* Instructions for the task:
Below are some records. Return exactly their lines from the one containing "Kuukauden vierailu Suomessa" through the one containing "Lights guirlande 8", and drop the pictures.

* Data provided:
______

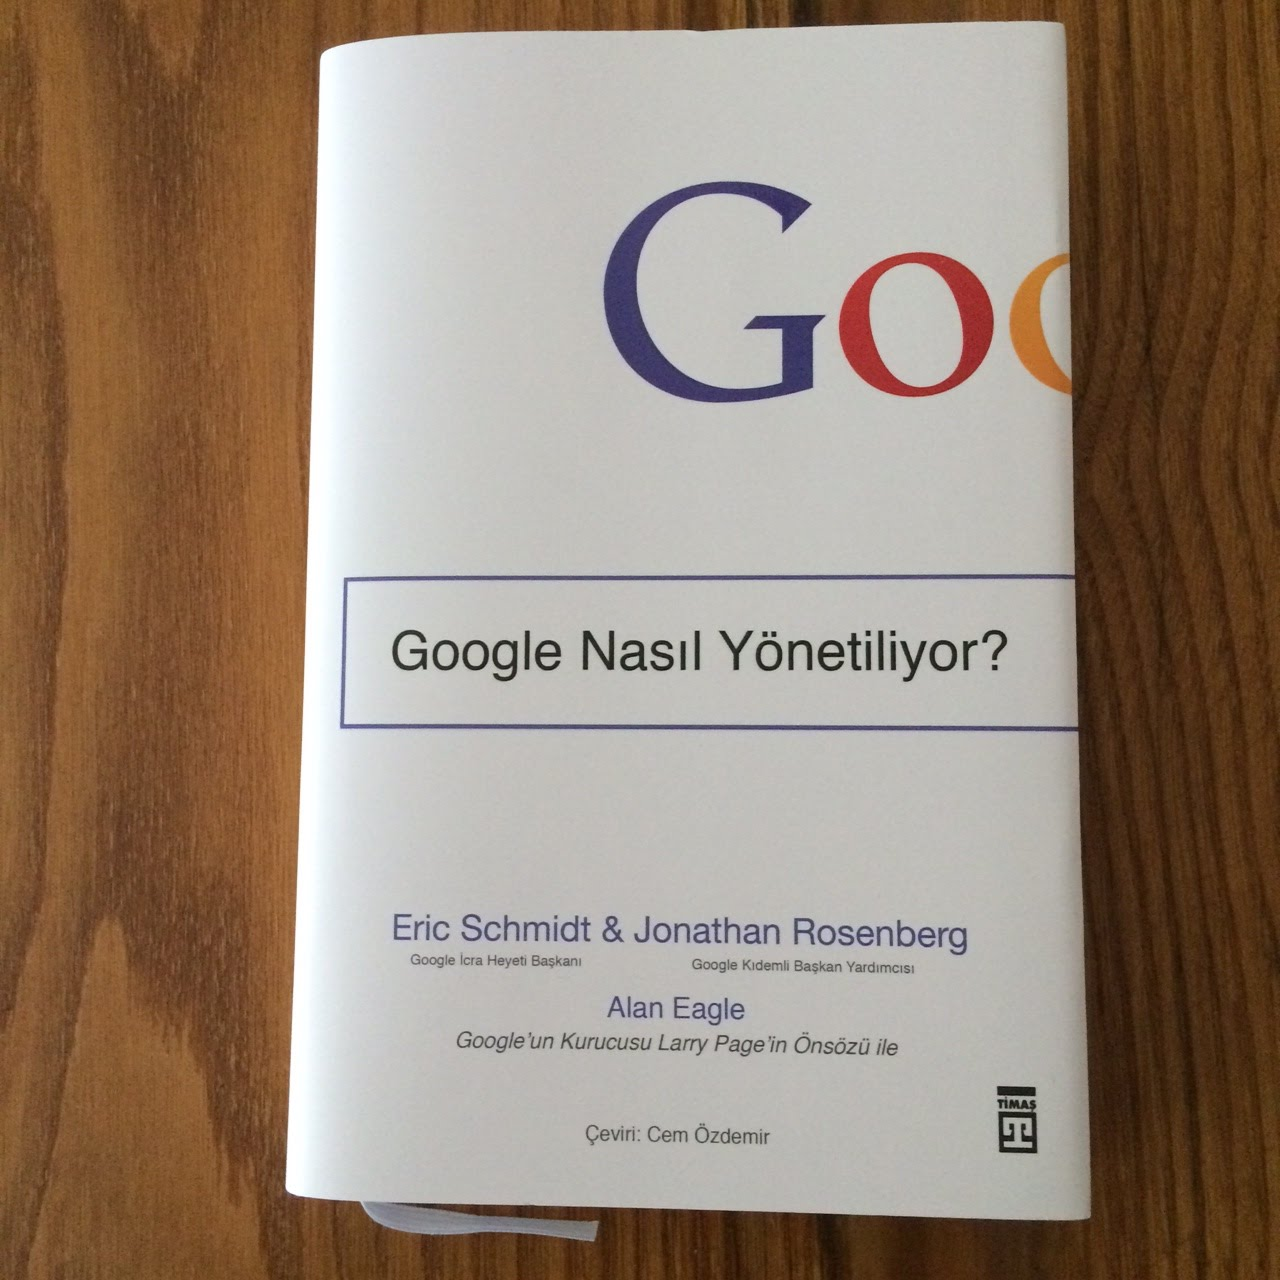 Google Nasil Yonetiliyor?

______

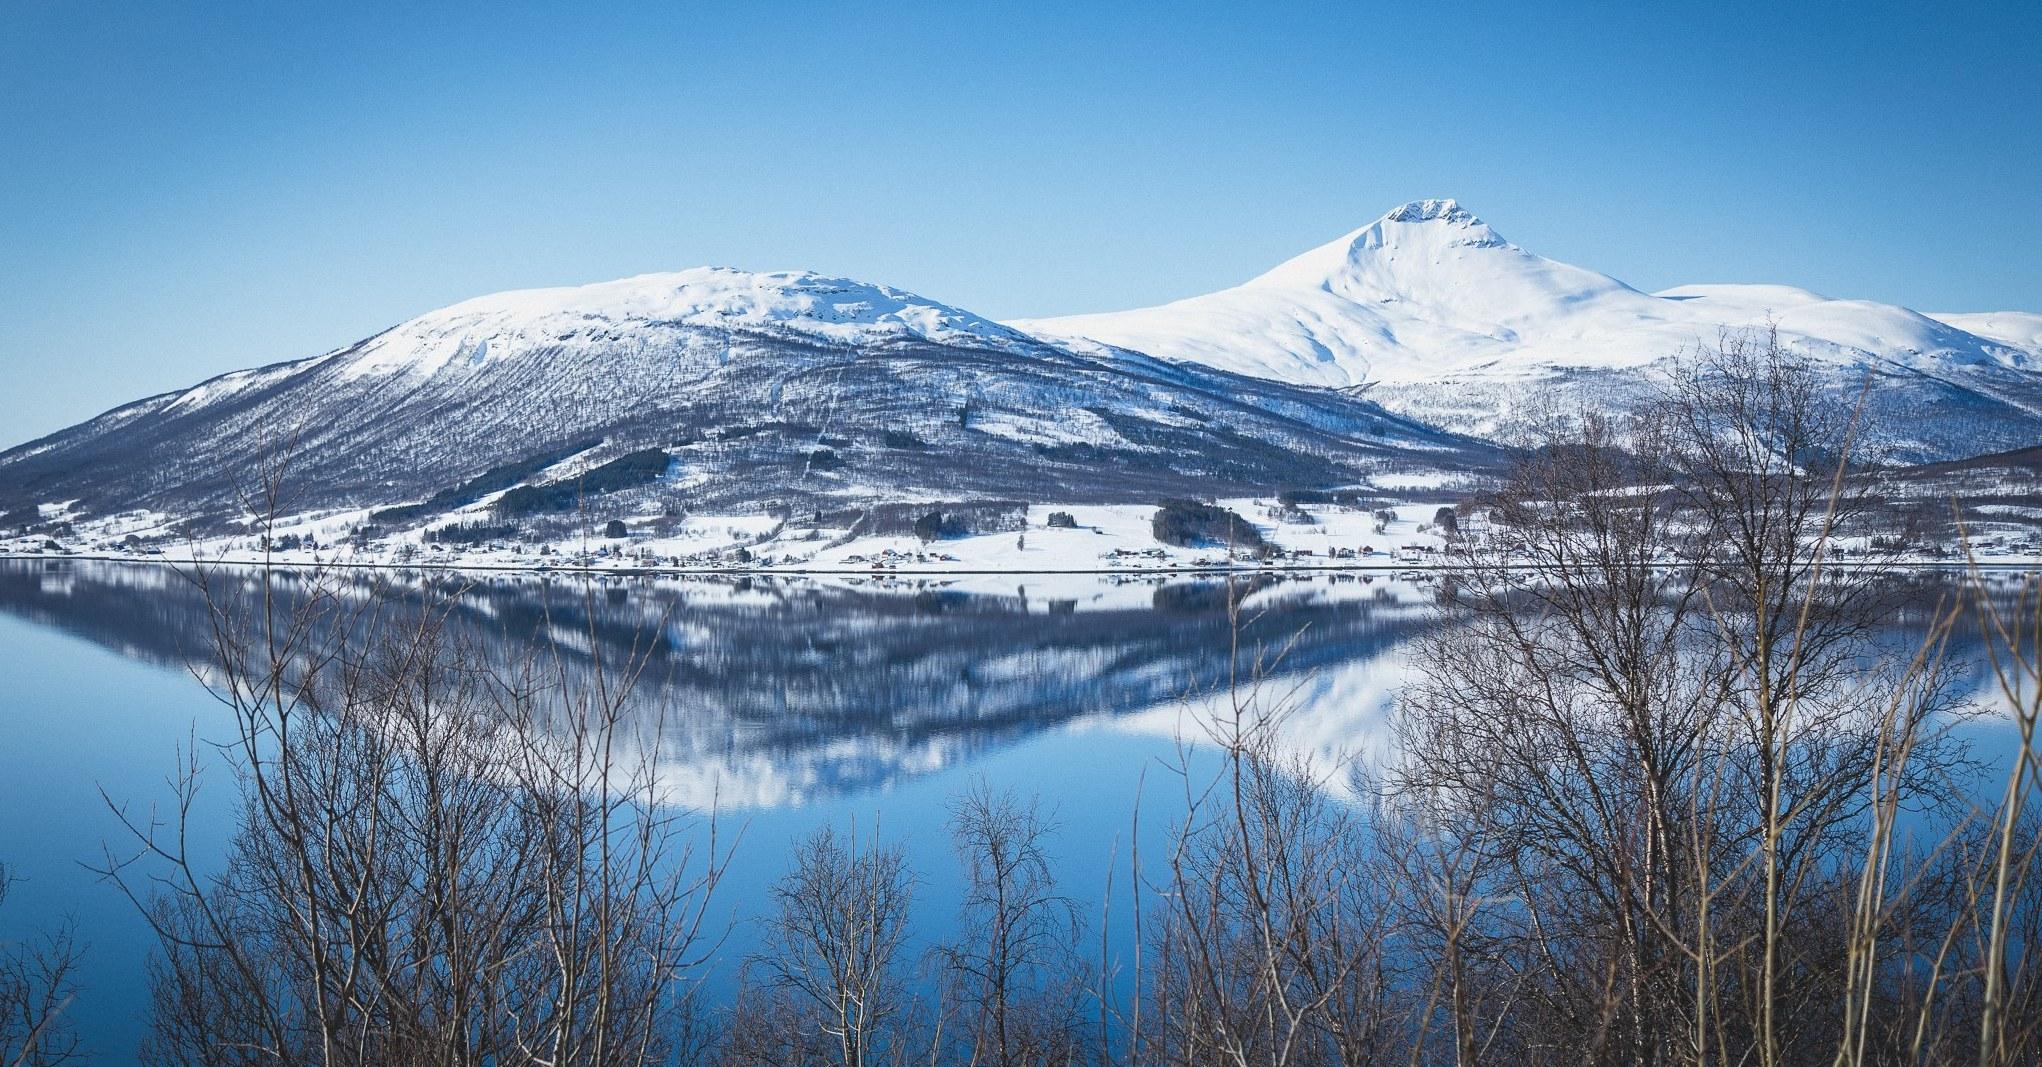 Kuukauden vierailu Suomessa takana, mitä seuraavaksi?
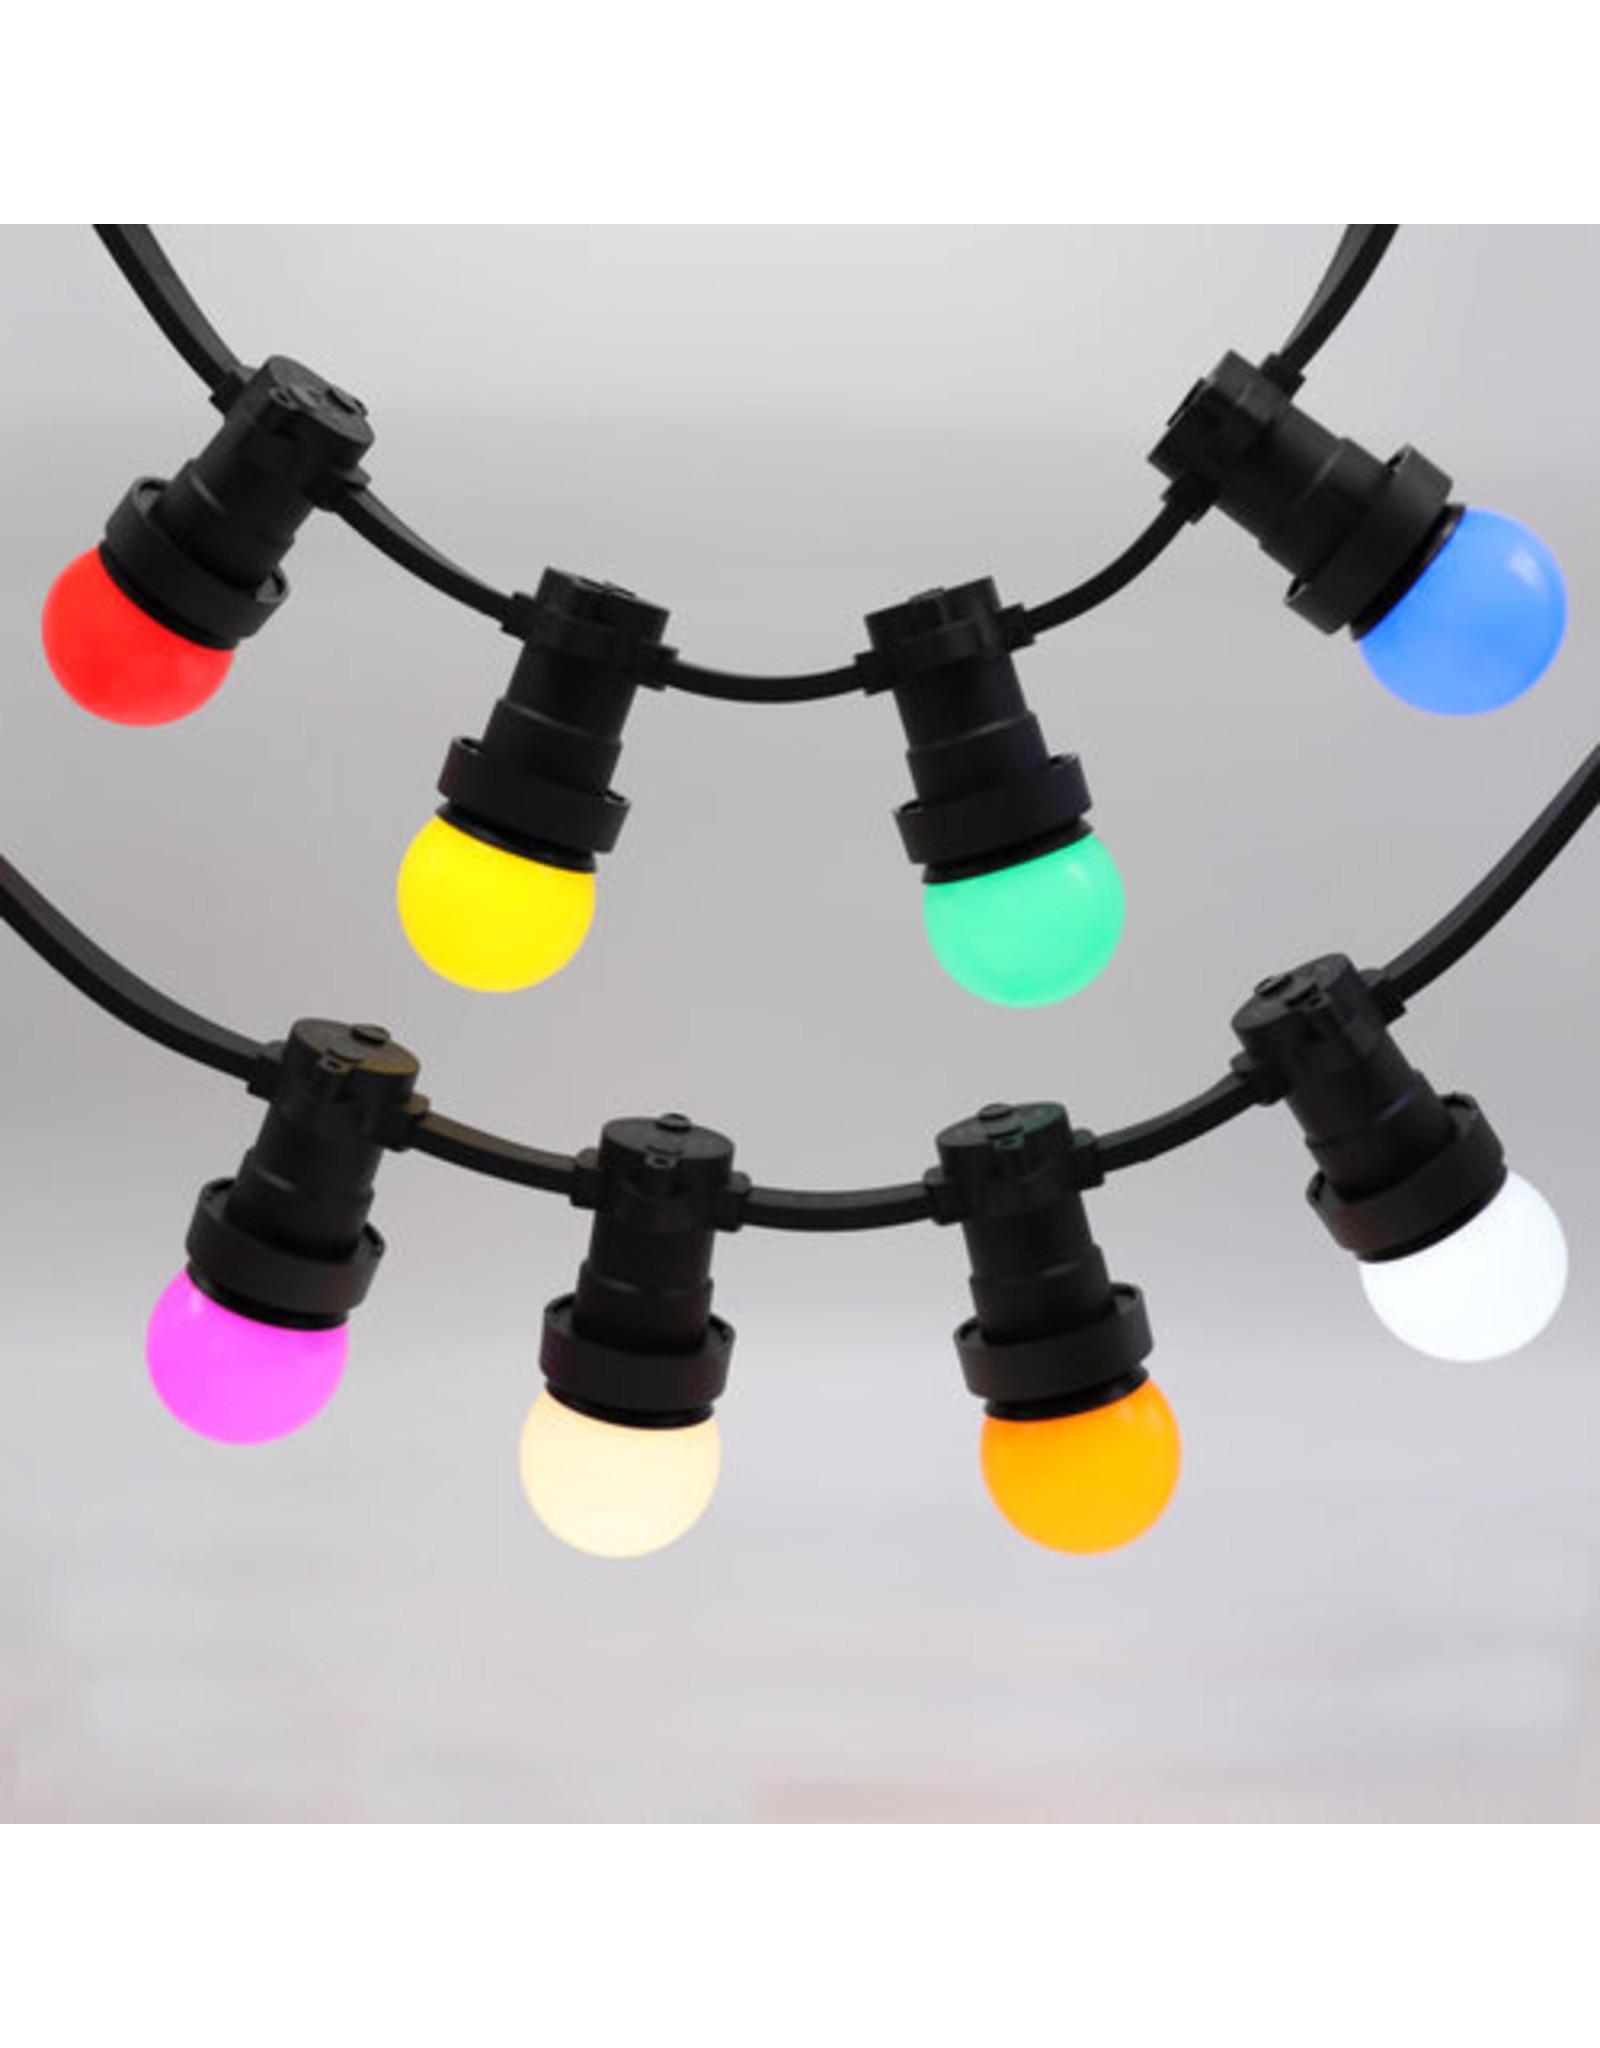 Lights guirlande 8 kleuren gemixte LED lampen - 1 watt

______

* Exercise solution:
 Kuukauden vierailu Suomessa takana, mitä seuraavaksi?
 Lights guirlande 8 kleuren gemixte LED lampen - 1 watt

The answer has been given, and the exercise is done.